I have been a professional arguer all my life. As a professor of Business Law and Ethics, I employ the Socratic method to help my students refine truth through the crucible of continuous argument. As a pastor, I argued for the cause of Christ every Sunday, and every chance I could between Sundays. Before that, as a lawyer… well that one is kind of obvious.

We all participate in argument every day. We negotiate with our bosses for more money or a better parking space. We wrangle with our professors for extra time on tough projects. We participate in political debates, cultural contentions, and sometimes (sadly) domestic squabbles. Winning fairly at argument can be hard, but over the years I have found three key assumptions that can substantially increase your winning percentage. Try them out, or add your winning strategies in the comments, below.

Assume your opponent must also win.

Winning at argument does not just mean accomplishing your goals. It also means making sure the one with whom you are arguing accomplishes his or her goals. If the purpose of your argument is not only to get what you need but also to take something from your opponent, you have passed to the dark side of argument. Argument is a sharp instrument, and although we may think we are using it defensively, I assure you those on the receiving end rarely experience it that way. They feel they have been attacked. Convincing your opponents that their victory is as valuable as your own can be disarming, and move the argument into very productive territory.

Part of assuming your opponent also needs to win is to acknowledge him or her as a valuable person, made in the image of God, who has real needs and a real purpose on this earth. One cannot love one’s neighbors while simultaneously treating them as objects to be beaten or deprived.

Assume you do not know everything.

To my shame, I cannot tell you how many arguments I have mishandled because I failed to grasp all the facts of the situation (see Proverbs 18:13). Even when I think I have prepared for an argument, I always have the capacity to be surprised. The hard part is that the people who usually surprise me with new facts are… my opponents.

Assume your opponents know things you do not. They may be on the other side of the argument, not because they have conflicting needs or plans, but because they are privy to facts you have not yet heard. We should always enter arguments looking to understand all that our opponents know. What is driving them to argue? What are their assumptions? On what facts do they base those assumptions? A full and common understanding of the facts not only leads to successful argument, it also leads to trust, which can lead to productive relationships for the future.

Assume you will give up and give in.

Some career coaches I have read extoll the practice of preparing for argument by visualizing yourself dominating your opponent.
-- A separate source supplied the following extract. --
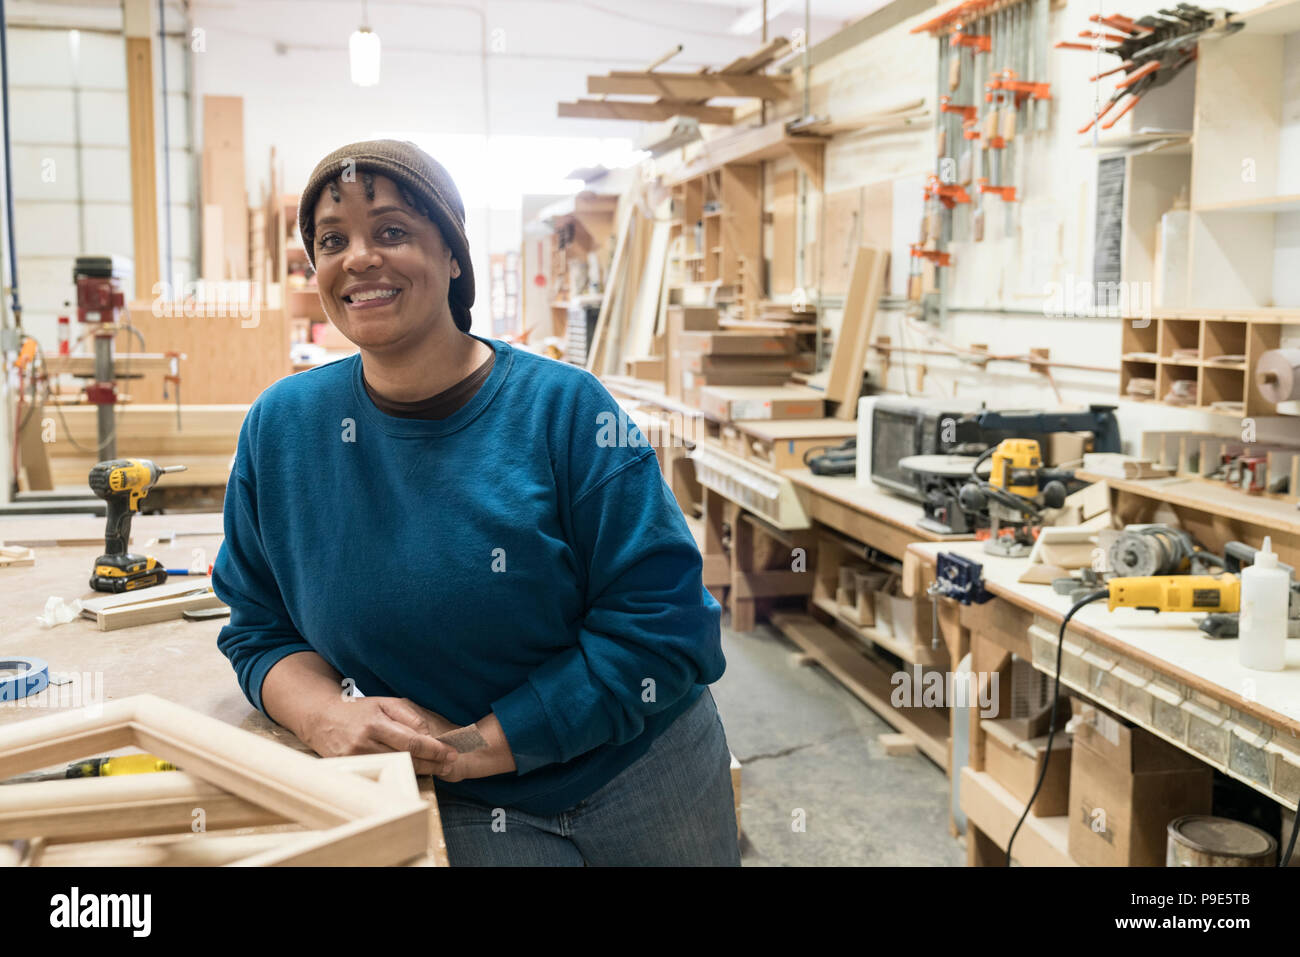 Portrait Of A Black Woman Carpenter In A Large Woodworking Shop Stock Photo Alamy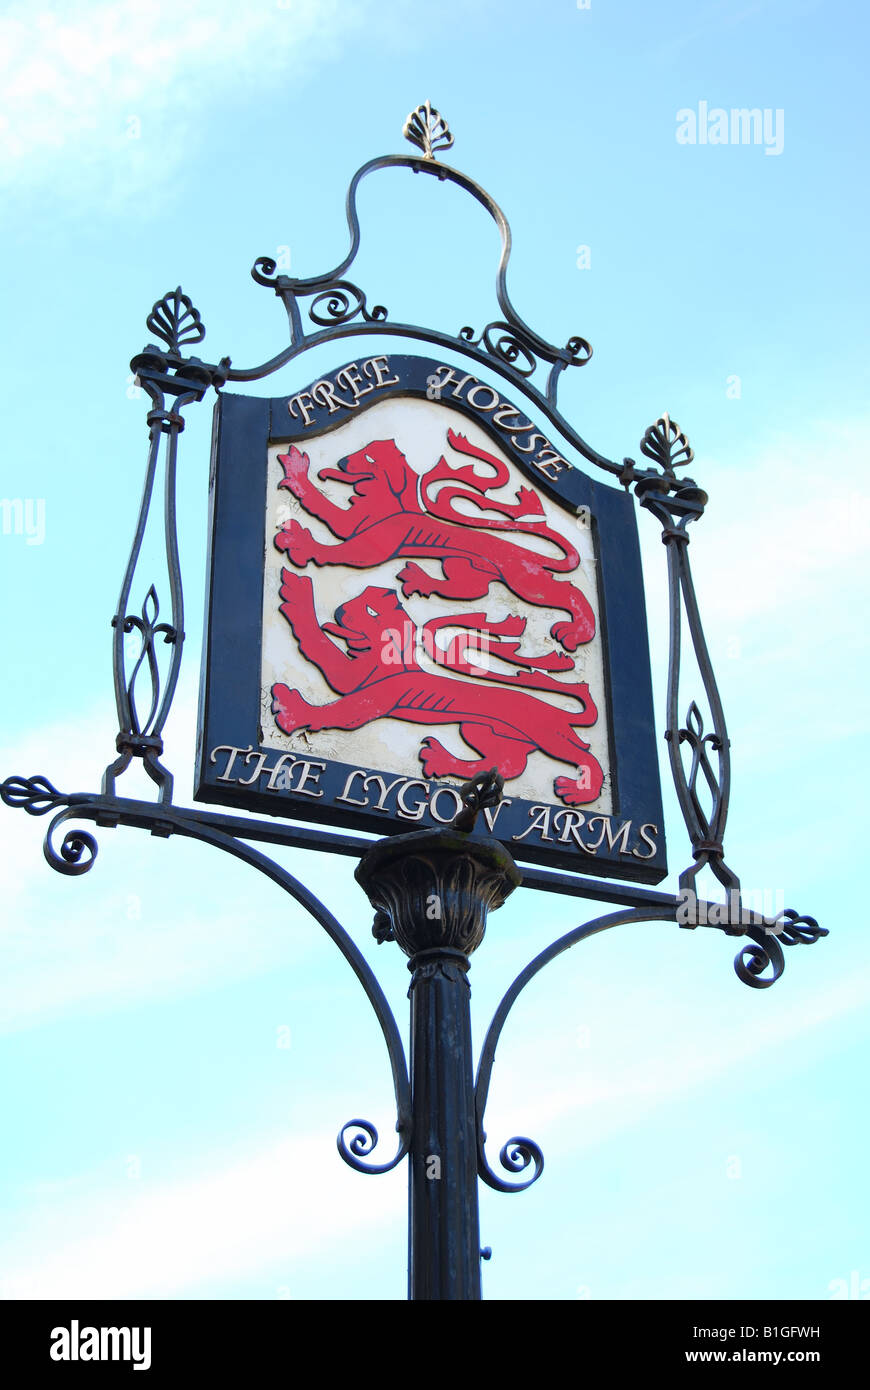 The 16th Century Lygon Arms sign, High Street, Chipping Campden, Cotswolds, Gloucestershire, England, United Kingdom Stock Photo

Don’t do that. That approach leads to building emotional barriers in your own head against providing your opponent with what he or she needs. When that happens you fail to optimize the outcomes for both of you because “you didn’t want to appear weak”, or, “you just couldn’t back down as a matter of principle.”

When preparing for an argument, brainstorm all the things you might give to your opponent to help resolve the argument favorably. Minimize what you intend to take from the situation and seek to maximize what you can contribute. Be generous and look for ways to sacrifice to increase the size of the pie. The Lord loves a cheerful giver (2 Corinthians 9:7). Don’t be surprised when your opponents do also.